Our operating income margin for the three months ended June 30, 2014 increased to 15.7% from 10.0% during the three months ended June 30, 2013. During the three months ended June 30, 2014, we recorded $2.3 million of merger transaction costs related to the Merger. During the three months ended June 30, 2013, we recorded a loss of $7.7 million related to an asset sale at our surgical hospital in Austin, Texas. Excluding the impact of these items, our operating income margin was 17.3% for the three months ended June 30, 2014 and 15.8% for the three months ended June 30, 2013. This increase in the 2014 period from the 2013 period is primarily attributable to our surgical hospital in Lubbock, Texas, which we acquired in June 2012. We have made significant investments in this facility to implement new patient service lines. During 2013, these investments put pressure on our operating margins as they were not fully developed. For 2014, the new patient service lines are maturing and are positively impacting our operating margins.

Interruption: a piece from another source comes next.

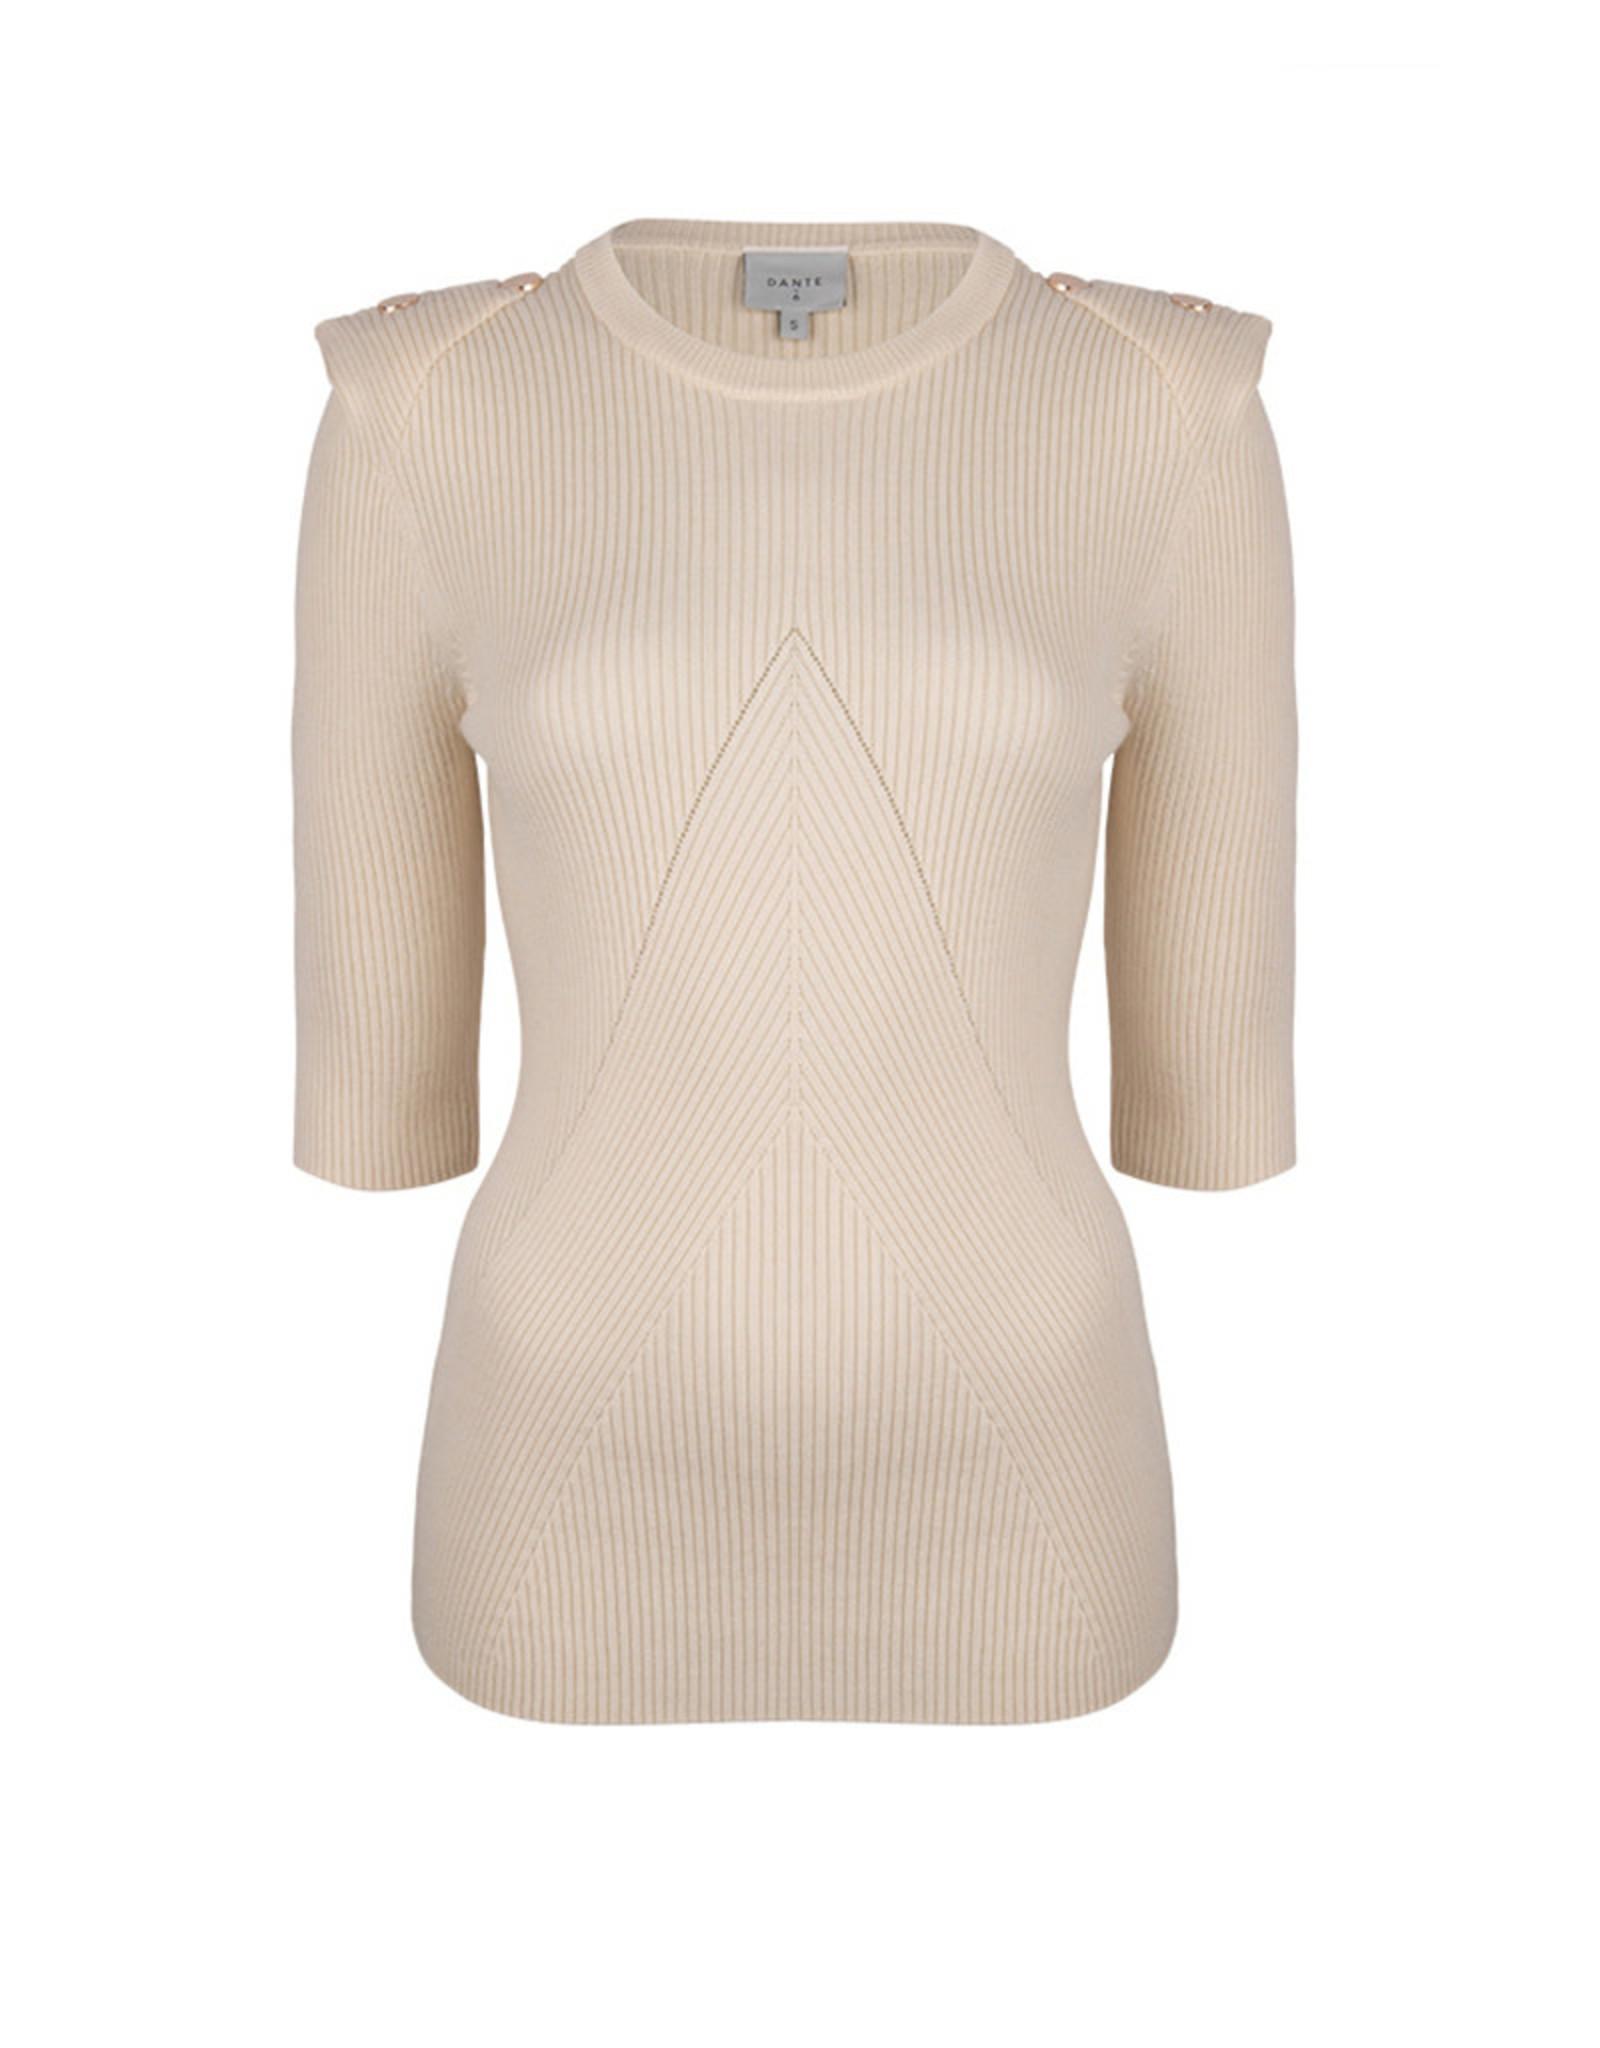 dante6 Sephine Sweater

You should consider the risks and uncertainties described under Item 1A of Part I of our Annual Report on Form 10-K for the fiscal year ended December 31, 2013, which we filed with the Securities and Exchange Commission on March 14, 2014, together with all other information contained or incorporated by reference in this Quarterly Report on Form 10-Q when evaluating our business and our prospects. Except as set forth below, there have been no material changes from the risk factors as previously disclosed in our Annual Report on Form 10-K for the fiscal year ended December 31, 2013. If any of the risks and uncertainties described in our Annual Report on Form 10-K or this Quarterly Report on Form 10-Q actually occurs, our business, financial condition, results of operations and our future growth prospects could be materially and adversely affected.